1. Multi-Head Attention (MHA): In standard MHA, each attention head typically has its own distinct trainable weight matrices (WK and WV) for computing keys and values. This results in different key and value matrices for every single head. Because they are all different, the KV Cache must store the key and value matrices for every attention head, making the number of heads (N) a direct multiplier in the cache size. MHA is considered the best in terms of performance and context understanding because the distinct keys and values allow each head to capture different perspectives and diverse relationships in the data.

2. Multi-Query Attention (MQA): MQA goes to the opposite extreme to minimise KV Cache memory.

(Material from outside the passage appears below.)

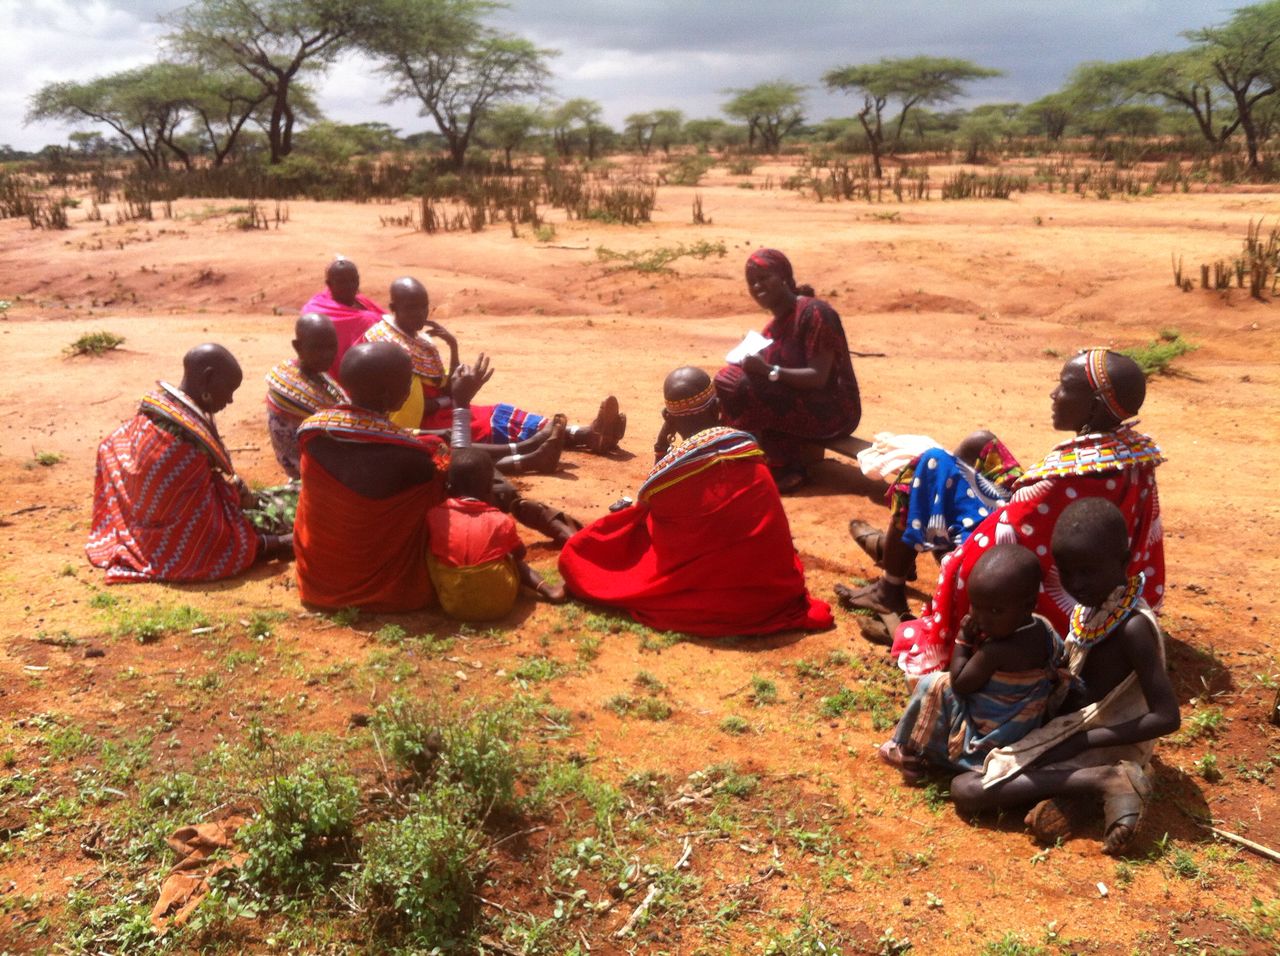 Research assistant, Jaqueline Nalenoi, discussing water security with a group of women in Sessia location, Samburu

In MQA, all attention heads share the same key and value matrices. This means the key matrix for head one is identical to the key matrix for head two, and so on, and the same applies to the value matrices (see above fig). Only the query matrices (Q) remain distinct for each head. The massive advantage of MQA is the reduction in KV Cache size. Since all keys and values are the same across heads, you only need to cache the keys and values for a single head, effectively removing the number of attention heads (N) as a multiplier in the cache size formula. This results in the smallest KV Cache size among the three techniques. However, the significant disadvantage is performance degradation. By forcing keys and values to be identical, MQA severely restricts the diversity that different heads can capture, leading to weaker context understanding.

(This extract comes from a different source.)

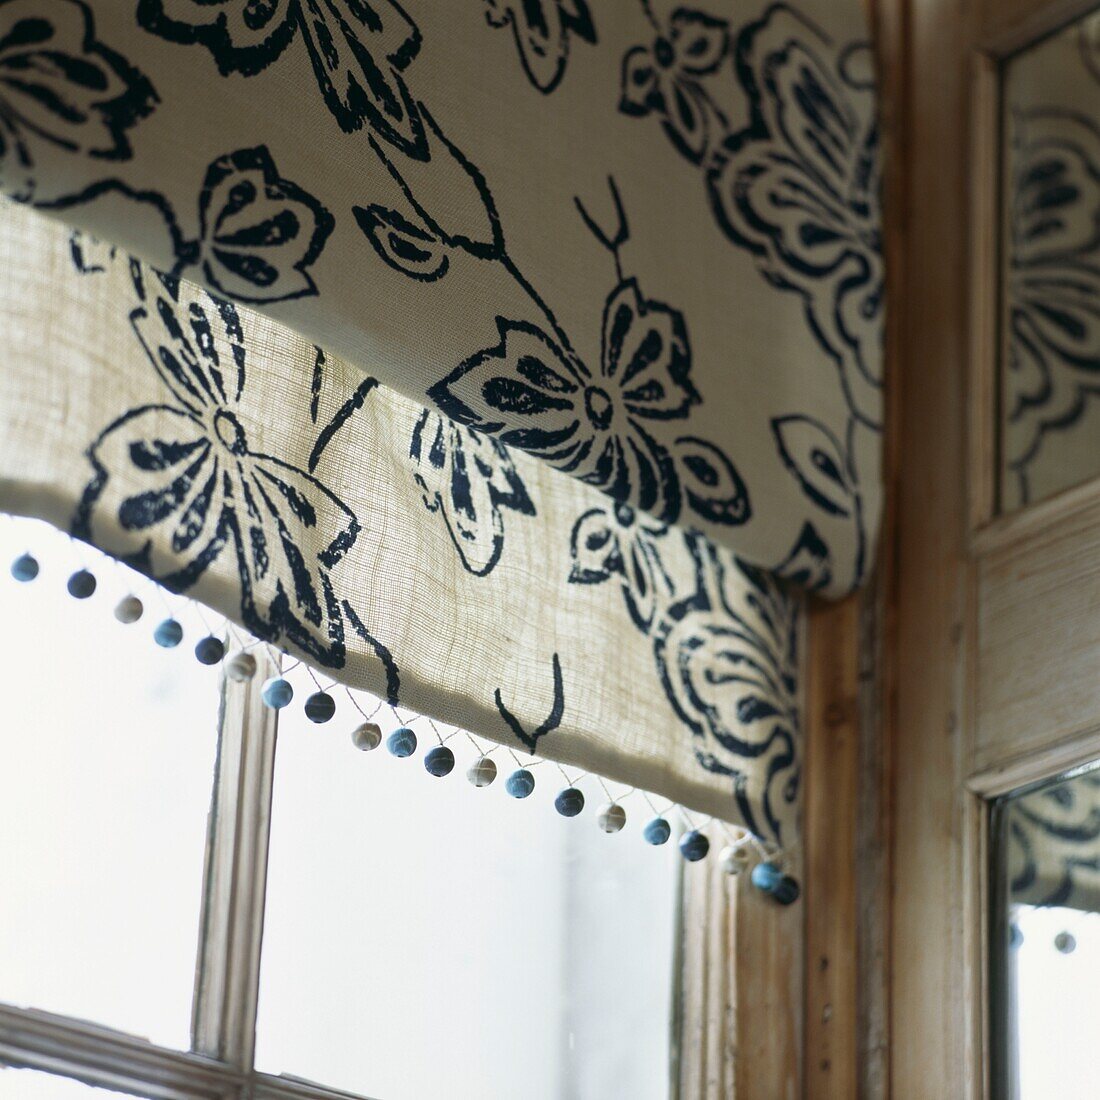 Floral patterned roman blind at window

3. Grouped-Query Attention (GQA): GQA is the compromise. Instead of all heads sharing the same keys and values (like MQA) or every head having unique keys and values (like MHA), GQA proposes to create groups of attention heads, and within each group, the heads share the same key and value matrices. However, the key and value matrices for heads in different groups are different.

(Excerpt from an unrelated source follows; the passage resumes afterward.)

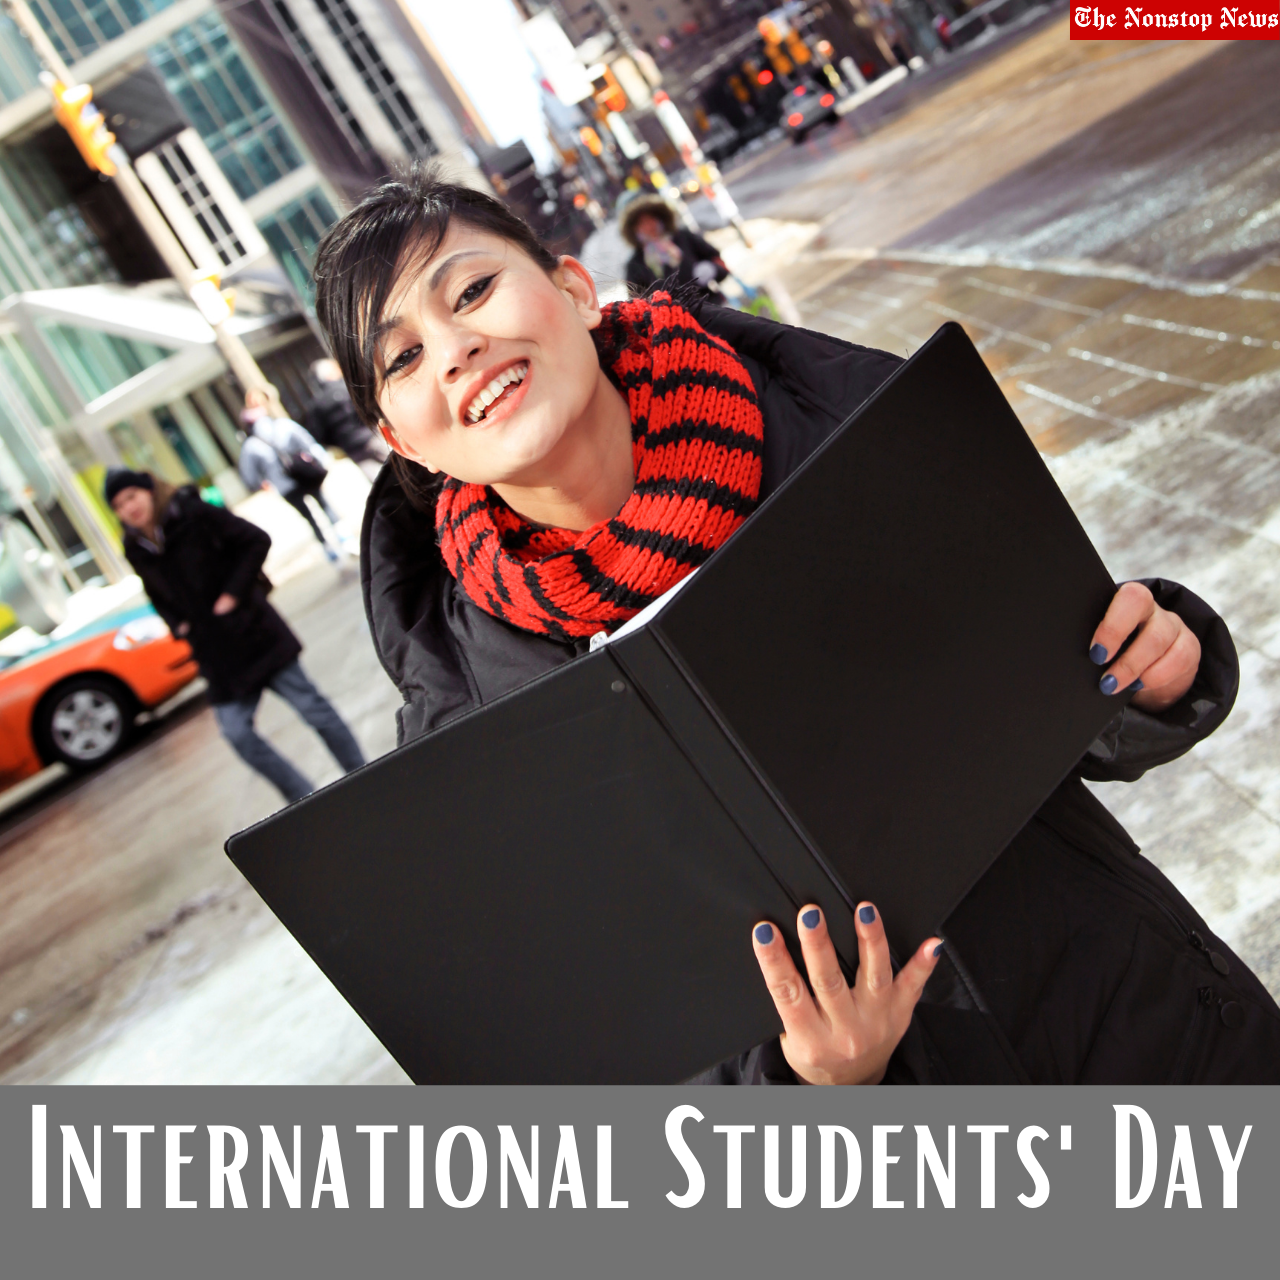 International Students' Day 2021 Wishes, Quotes, Greetings, Images, Poster, and Messages to Share

The Core Mechanism of GQA:

The attention heads are divided into G groups.
Within each group, the heads share the same trainable WK and WV weight matrices, leading to shared key (K) and value (V) matrices.
Heads in different groups use different WK and WV matrices, resulting in different shared K and V matrices for each group.
The query matrices (Q) remain distinct for each individual attention head, similar to MHA and MQA.

Advantages of GQA:

Reduced KV Cache Memory: GQA reduces the KV Cache size compared to MHA. Since heads within a group share keys and values, you only need to cache the keys and values once per group, not once per head. The KV Cache size now grows with the number of groups (G) instead of the total number of heads (N). If a model has N heads and G groups, the KV Cache size is reduced by a factor of N/G compared to MHA. For example, a model with 128 heads divided into 8 groups would see a KV Cache reduction factor of 128/8 = 16 times compared to MHA. This makes the KV Cache size smaller than MHA but larger than MQA.
Improved Performance over MQA: GQA offers better performance and context understanding than MQA. By allowing different groups to have different keys and values, GQA enables heads in different groups to capture more diversity and different perspectives than MQA, where all heads share the same keys and values.

Disadvantages of GQA:

Larger KV Cache than MQA: The memory savings are not as drastic as MQA, as you still need to cache keys and values for each group, not just a single head.
Lower Performance than MHA: GQA still doesn't achieve the full diversity of MHA, where every head has unique keys and values. Heads within the same group still share the same key-value content, limiting their ability to capture truly distinct perspectives.

In essence, GQA strikes a balance: it provides significant KV Cache memory savings compared to MHA while mitigating the severe performance degradation seen with MQA. Its KV Cache size and performance both lie somewhere in the middle of MHA and MQA.

A prominent example of a model using Grouped-Query Attention is Llama 3, specifically the 8 billion and 70 billion parameter versions, as confirmed by Meta themselves. The source demonstrates this visually by examining the key matrices across different heads in Llama 3. For a model like Llama 3 8B, which reportedly has 32 total attention heads divided into 8 groups (4 heads per group), the source's visualization shows that:

Within a single group (e.g., group 0, heads 1-4), the key matrices are visually identical.
When comparing matrices between different groups (e.g., group 0 vs. group 1), the key matrices are visually different.